The present review article has noted the paradoxical involvement of TNF-α in lupus and explained the advantages and disadvantages of blocking this cytokine in preclinical and clinical studies. In addition to inducing ATIL, and autoantibodies to dsDNA and phospholipids, TNF-α inhibitors can increase the risk of infections, malignancies (169), central nervous system demyelinating disorders, and other autoimmune diseases, such as type I diabetes, psoriasis and multiple sclerosis (53,170–172). A probable cause of these side-effects is that prevailing TNF-α suppressors prevent the engagement between TNF-α and the receptors TNFR1 (with pro-inflammatory and pro-apoptotic role) and TNFR2 (with a regulatory function), leading to a loss of TNFR2 signaling regulatory function (173). Van Hauwermeiren et al (174) noted that TNFR1^+/− mice, which express 50% of TNFR1 on cells, were highly resistant to lethal TNF-induced inflammation. Moreover, the decrease in p55TNFR mitigated TNF toxicity without compromising effectiveness (174), suggesting that TNFR can be considered as a therapeutic target (175). In SLE, the significance of TNF-α-TNFR1 interaction has been emphasized (176). Wu et al (177) demonstrated that the TNFR1 levels in the urine of mice and individuals with lupus nephritis increased; sTNFR1 and sTNFR2 levels have also been shown to be higher in patients with lupus nephritis (131). According to Deng et al (178) TNFR1 is abundantly expressed in skin lesions of MRL/lpr mice, unlike TNFR2, and the inhibition of TNFR1 signaling relieved skin lesions. On the other hand, thye acceleration of the disease course occurred in NZB/F1 mice defective in both TNFR1 and TNFR2 (179). However, the lack of the p55TNFR has been shown to lead to significantly increased lymphoproliferation and autoimmune disorder in the Fas deficient MRL-lpr/lpr mouse (180). Aderka et al (128) suggested that elevated serum sTNFR levels may be a valuable marker for assessing the progression of SLE. The effect of Brentuximab Vedotin targeting TNFR was investigated in adults with active SLE in a phase II, multi-center, randomized, double-blinded, multiple-ascending-dose study (NCT02533570) (Table II).
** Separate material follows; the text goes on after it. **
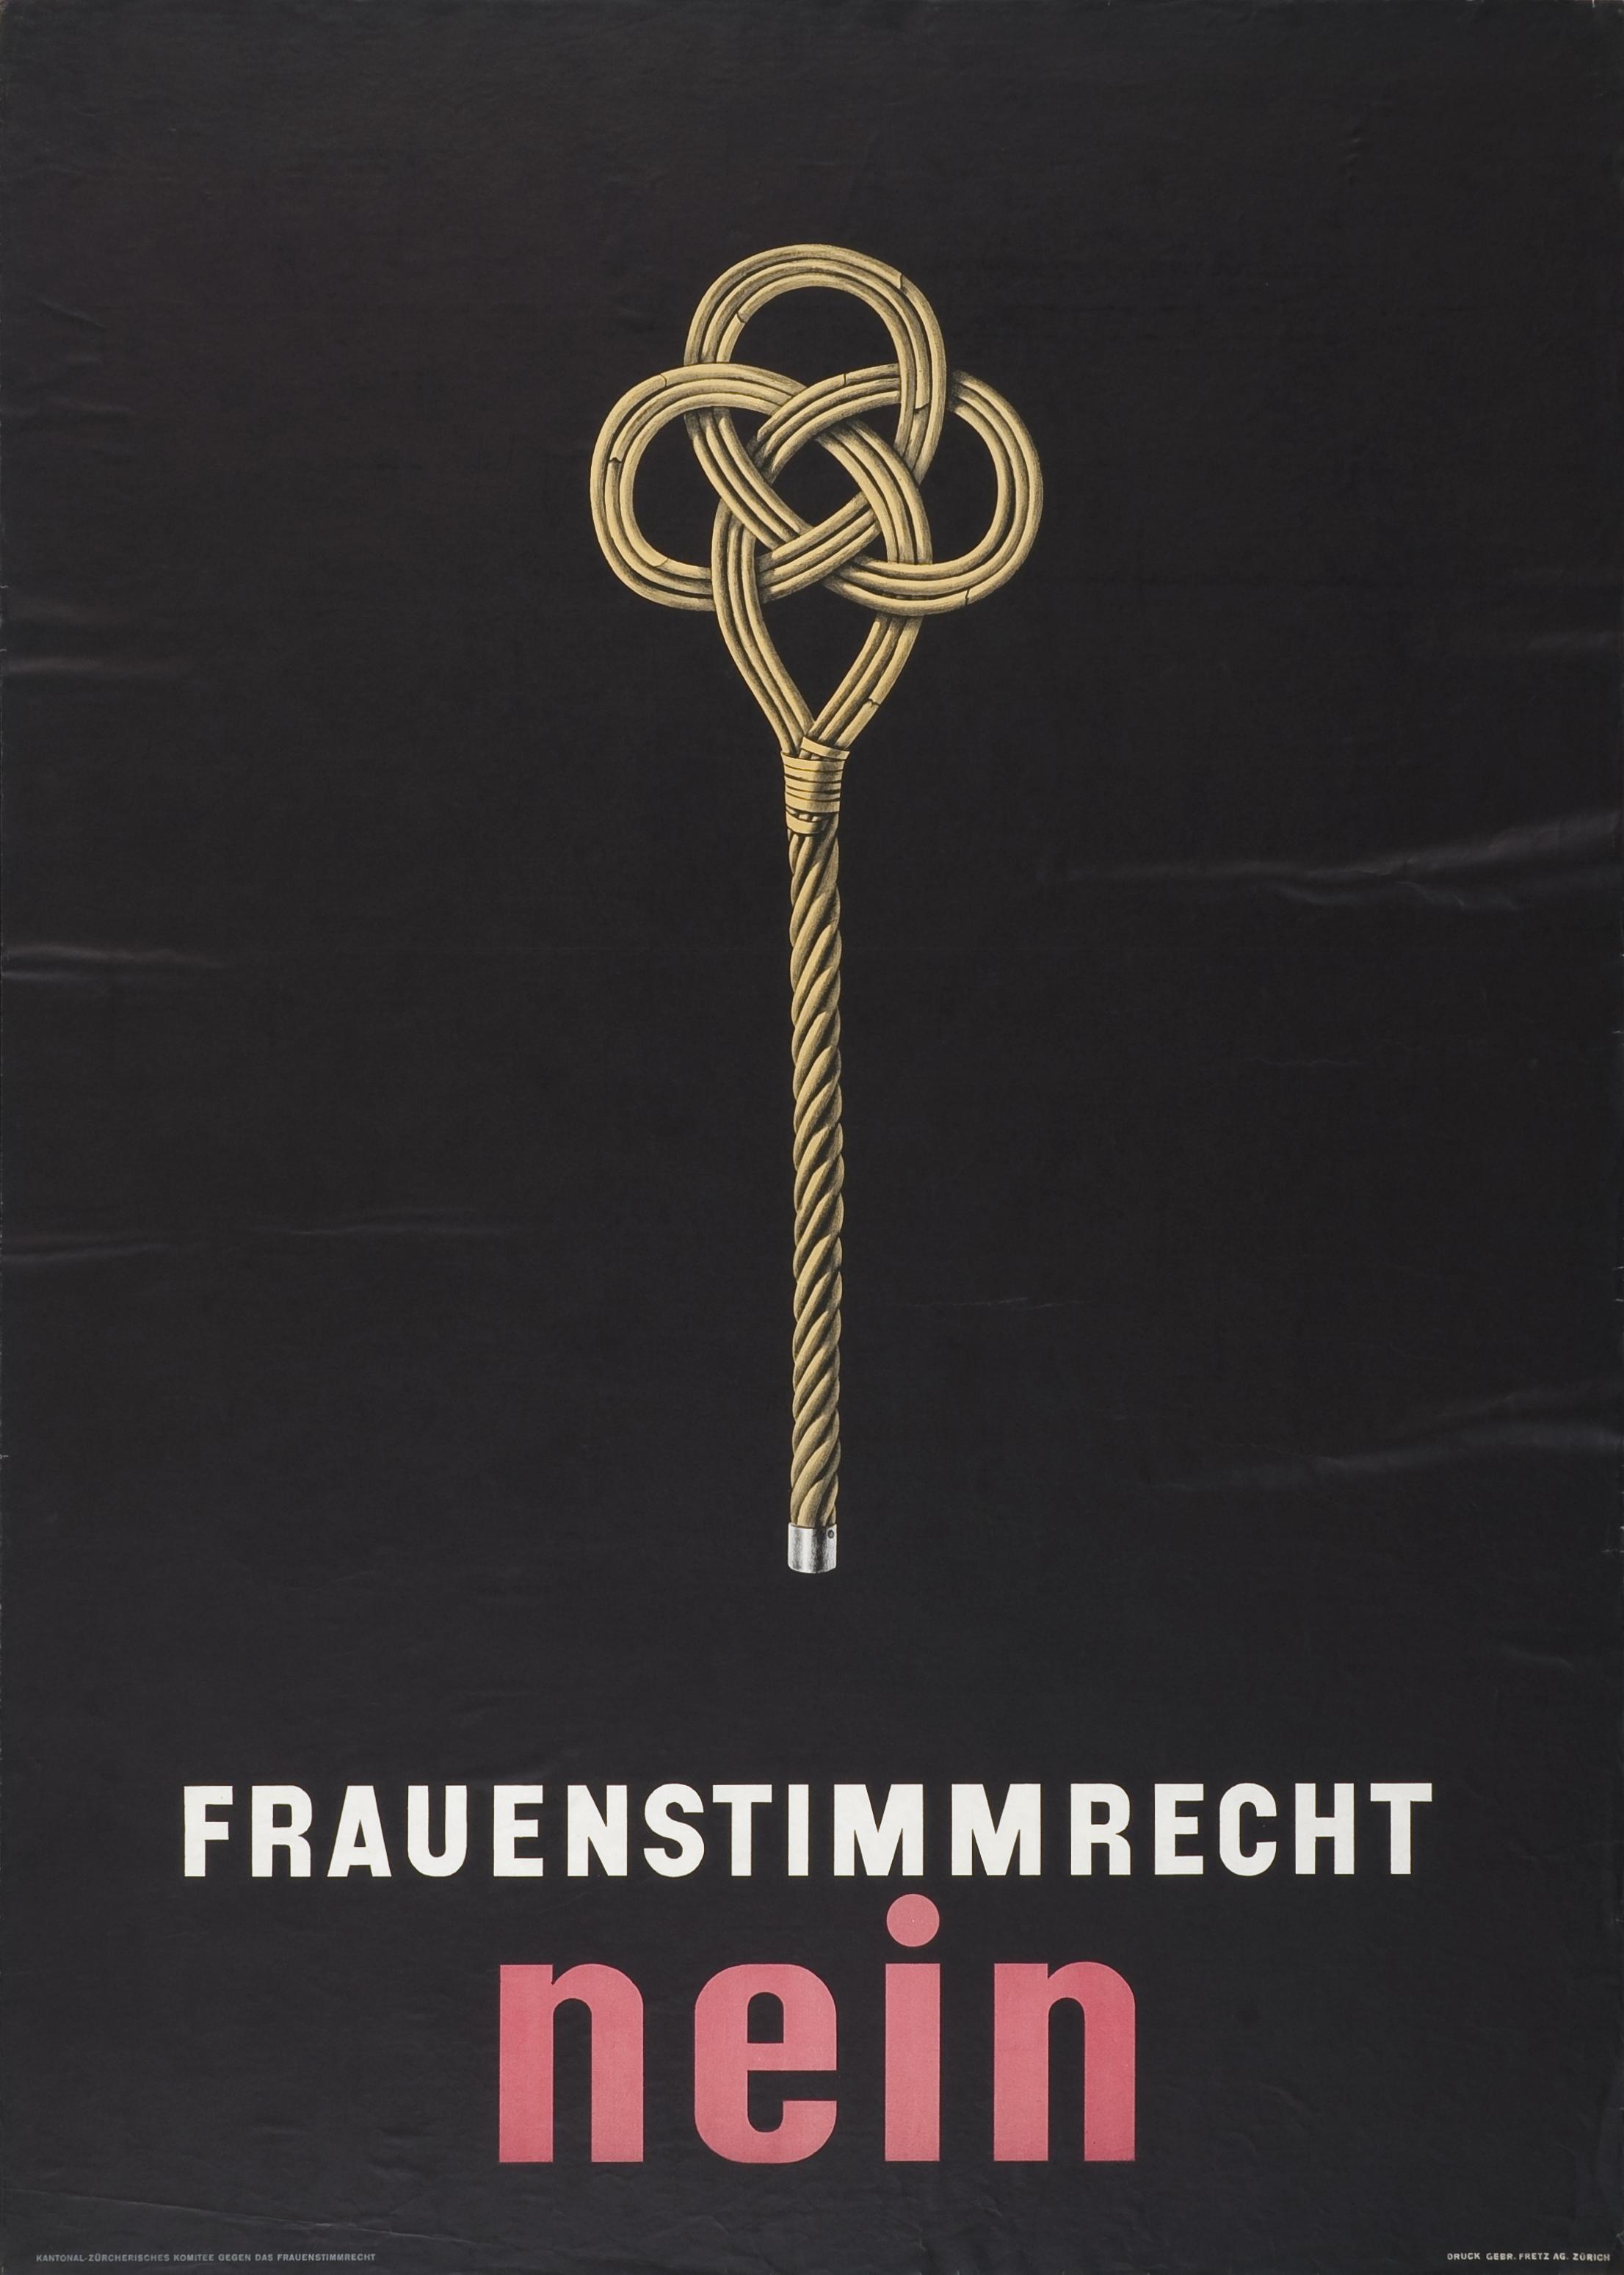 Frauenstimmrecht nein (1946)

TNF-α is a potent pleiotropic cytokine with multiple cellular activities, also involved in developing autoimmune disorders. The impact of TNF-α on these diseases is not yet completely understood. On the one hand, TNF-α can play a pro-inflammatory and pro-apoptotic role, and on the other hand, it has a regulatory function. Currently, therapeutic strategies that target TNF-α are clinically utilized for the treatment of inflammatory and autoimmune diseases, such as RA, inflammatory bowel disease and psoriasis. However, notwithstanding their clinical achievement, the application of anti-TNF drugs is restricted due to severe side-effects and ATIL development. Alternative therapeutic strategies that selectively target TNFRs have exhibited immense therapeutic potential. Thus, the majority of available evidence suggests that the usability of anti-TNF drugs could be broadened. Understanding the dual role of TNF-α in autoimmunity is difficult, particularly in a complex disease, such as SLE. The use of drugs targeting TNF-α and TNFRs in SLE remains controversial. Further investigations are thus required to establish the favorable therapeutics benefits/risk ratio associated with the use of anti-TNF-α drugs, as well as to determine the treatment's effectiveness and side-effects in patients with SLE.